On the one hand, he's been true to his words. Hoffenheim did not rise through the leagues because of expensive, foreign signings. Over the past seasons, the squad was mainly made up of young German players, many from the region. Of the 31 footballers who are currently in or on the fringes of the team, only five are non-Germans, and one of those, the former Bundesliga player Francisco Copado may have a Spanish passport but was born in Kiel.

'The youth set-up is excellent here,' Rangnick said with some admiration when he arrived at Hoffenheim this summer. 'The club's aim is to produce one or two players per year for the first team. No matter if we're talking third division football or, in the future, about the second or the first Bundesliga. But when we school players, our approach is holistic: we also teach them that football isn't everything.'

But as nice as all this sounds, you have to wonder where the road paved with good intentions will take Hopp and Hoffenheim. The dissenting voices are growing louder, claiming that small Hoffenheim is becoming too big for its own good.

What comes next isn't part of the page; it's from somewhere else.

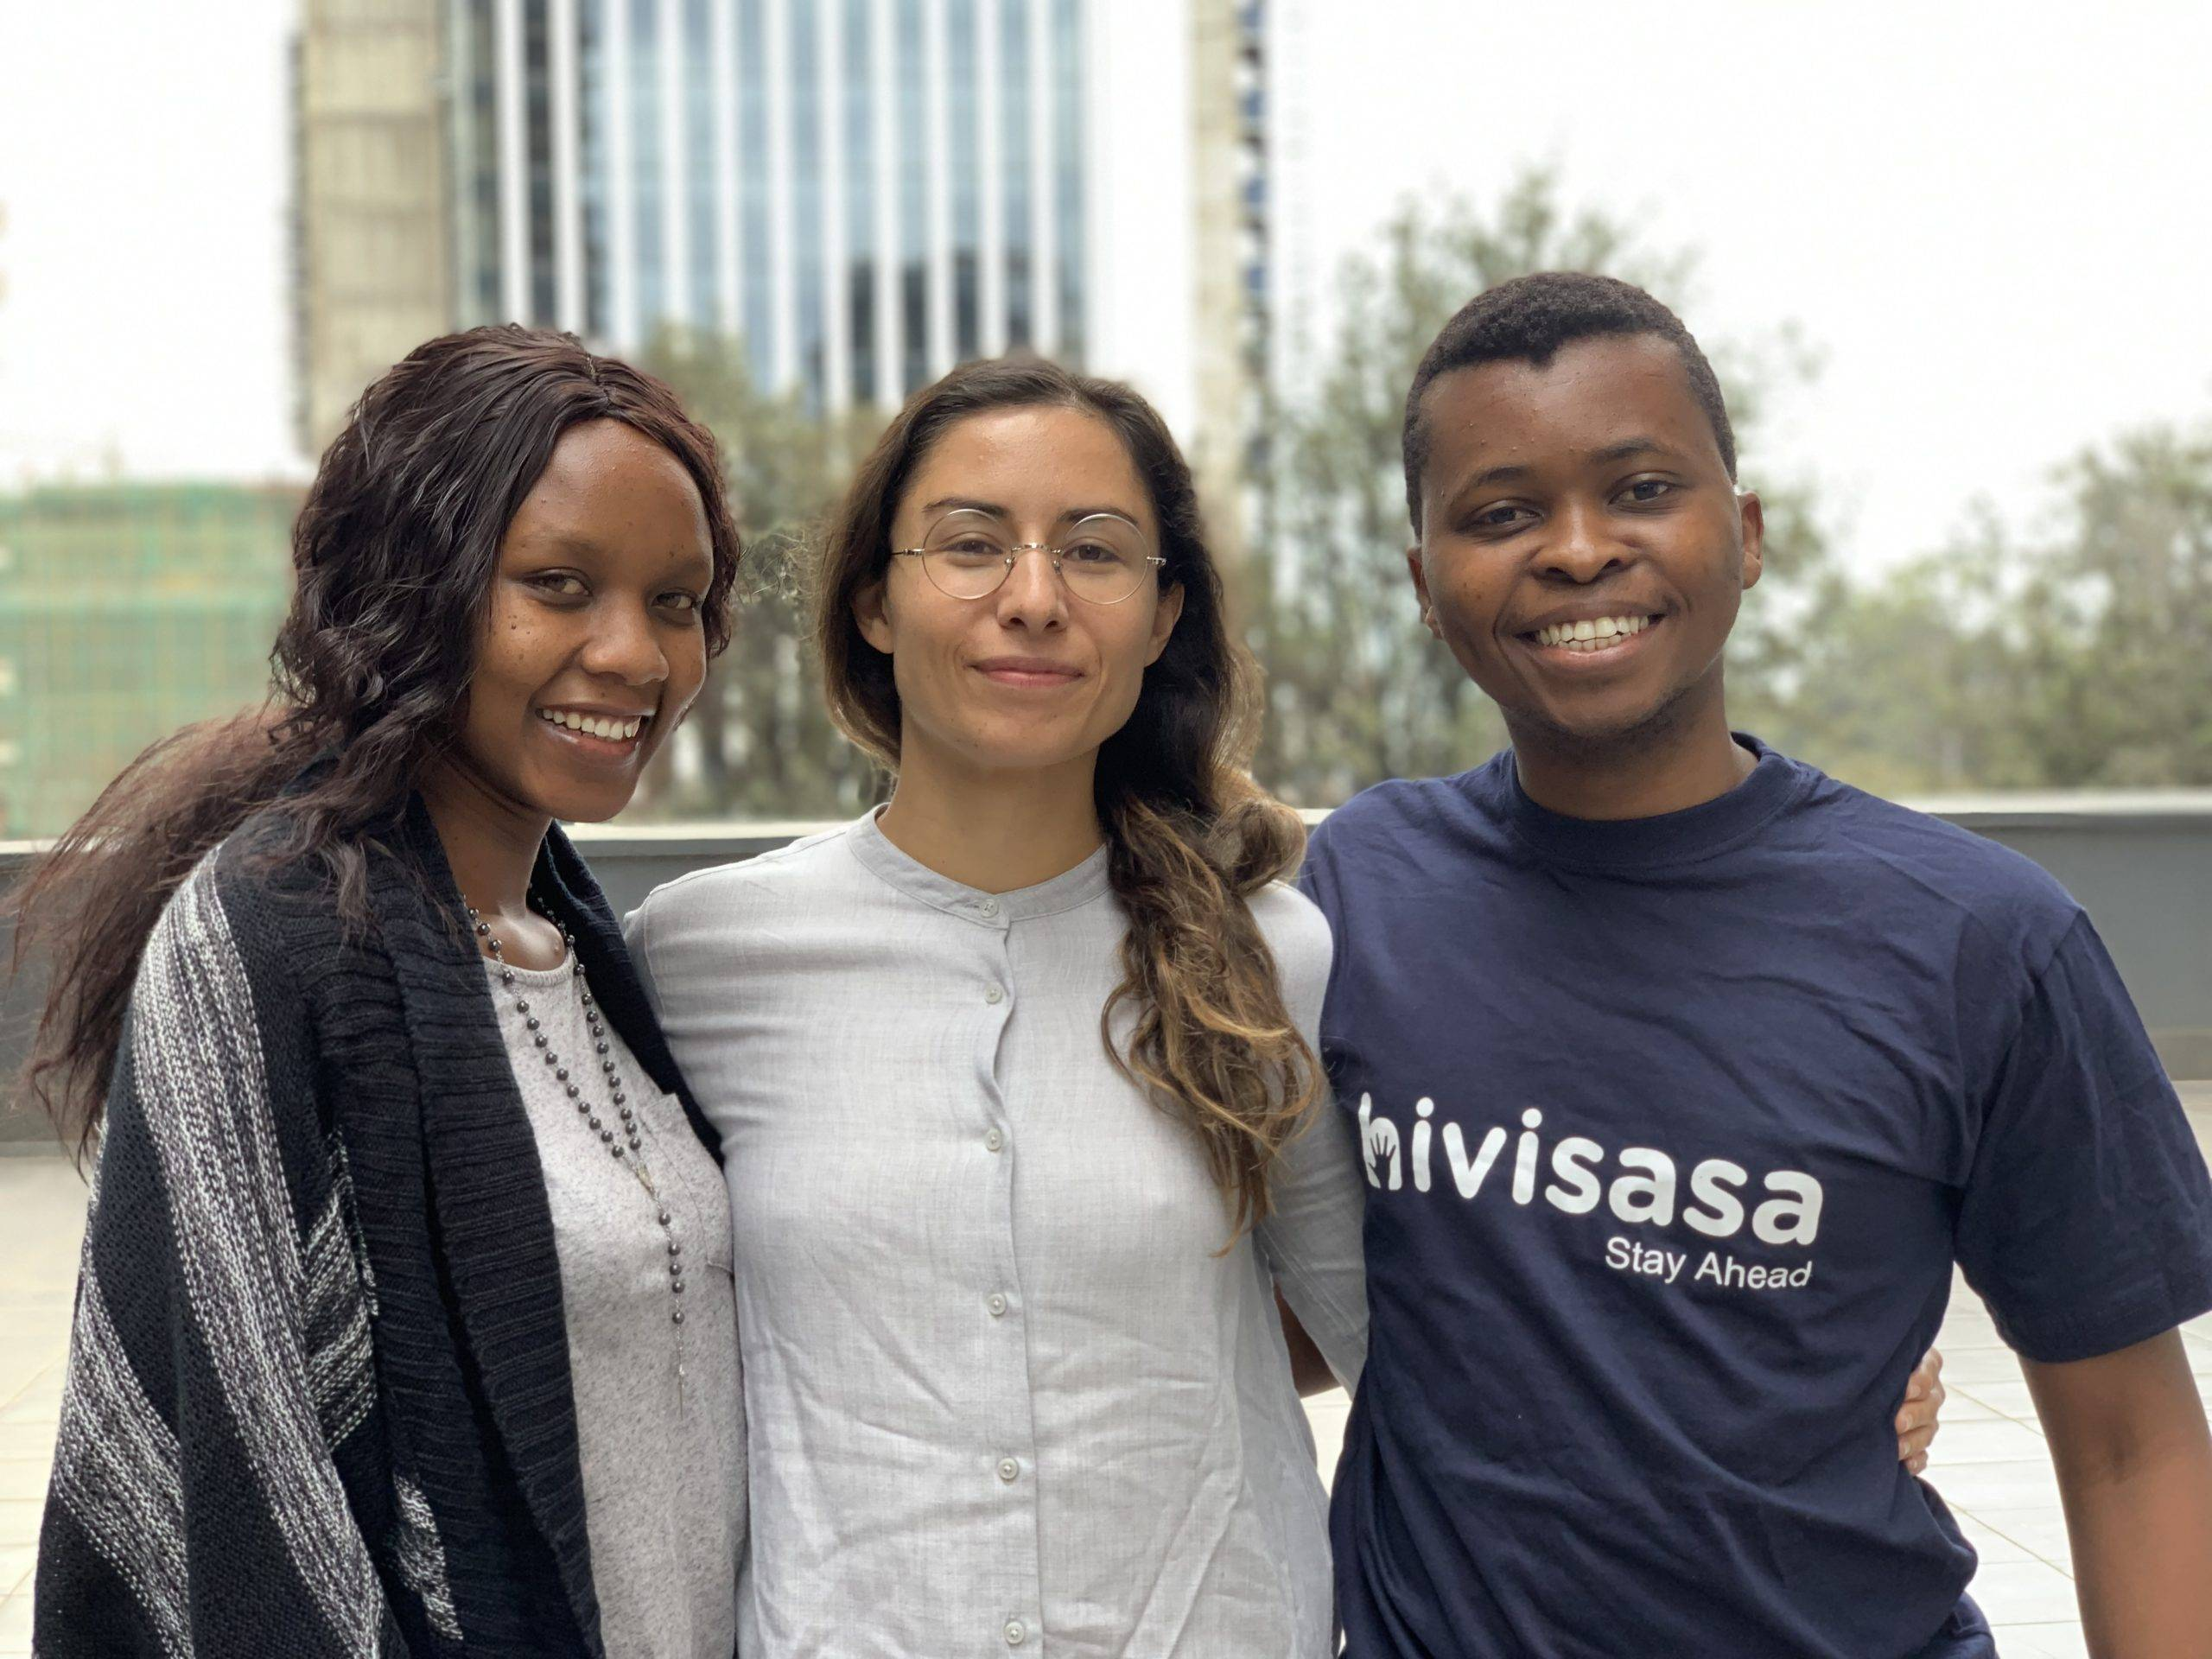 365 Partners With Hivisasa
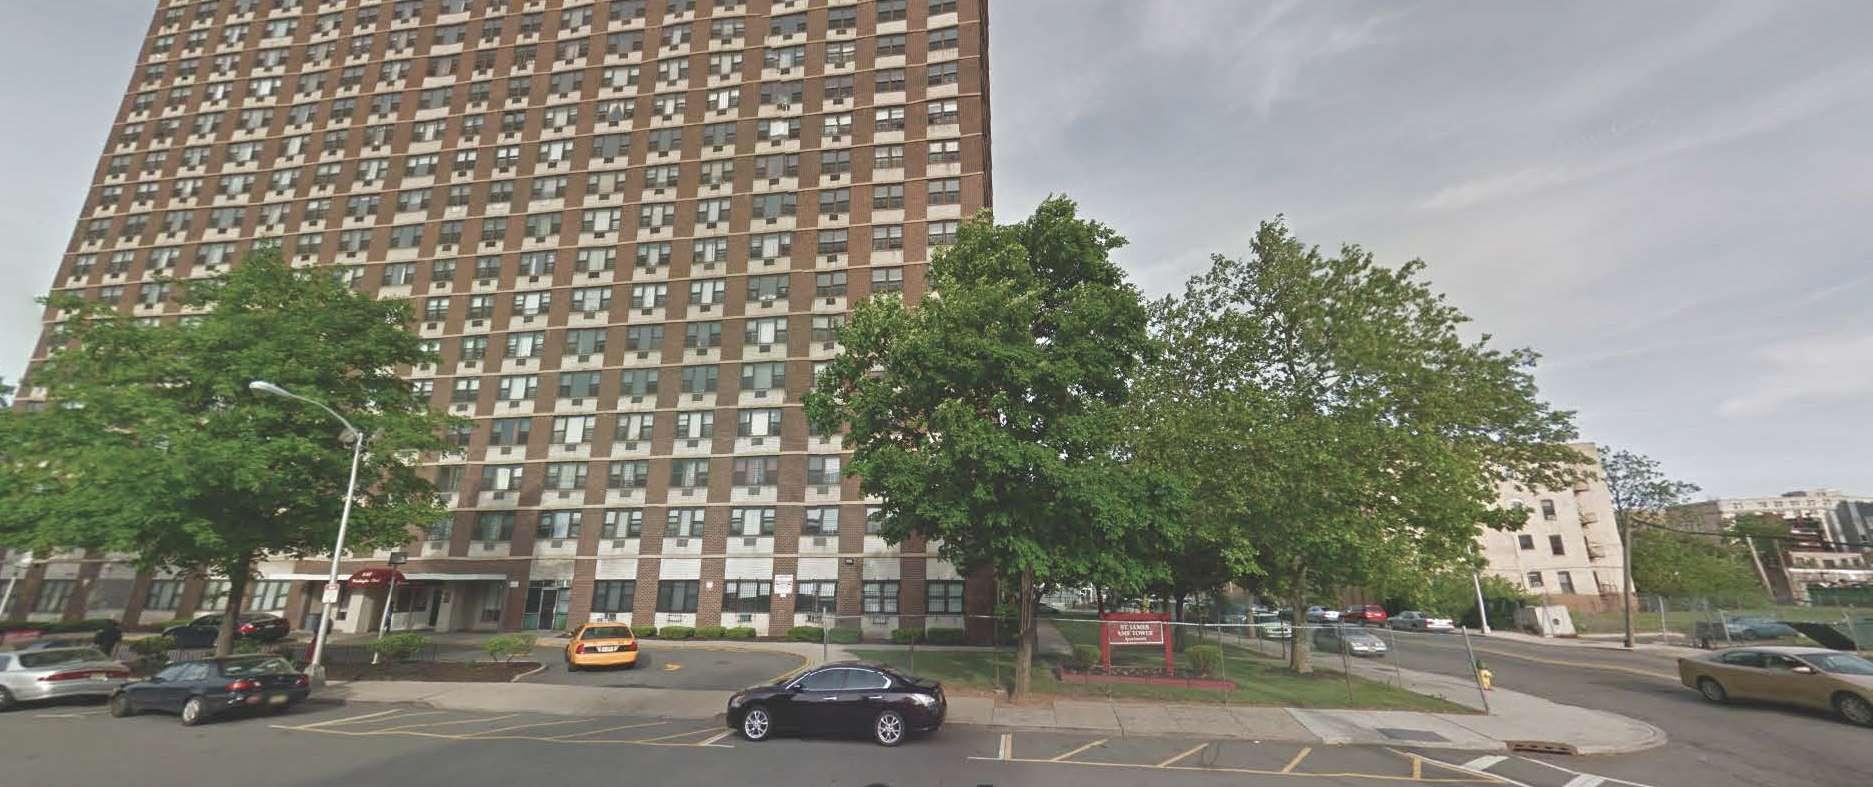 Upper Saddle River Nj >> 440 Washington St - Newark, NJ - Concord Consulting Engineering PC

During the first weeks of the season, the club's games were regularly featured on national television - mainly because Hoffenheim failed to win any of the first four matches.

That, you see, was a nice occasion for the media to come up with gleeful remarks about software entrepeneurs, field hockey coaches and psychologists. It's become much quieter now that Hoffenheim have hit their stride, though. I guess the tradition-laden word of football has become a bit anxious the experiment at Hoffenheim could actually work.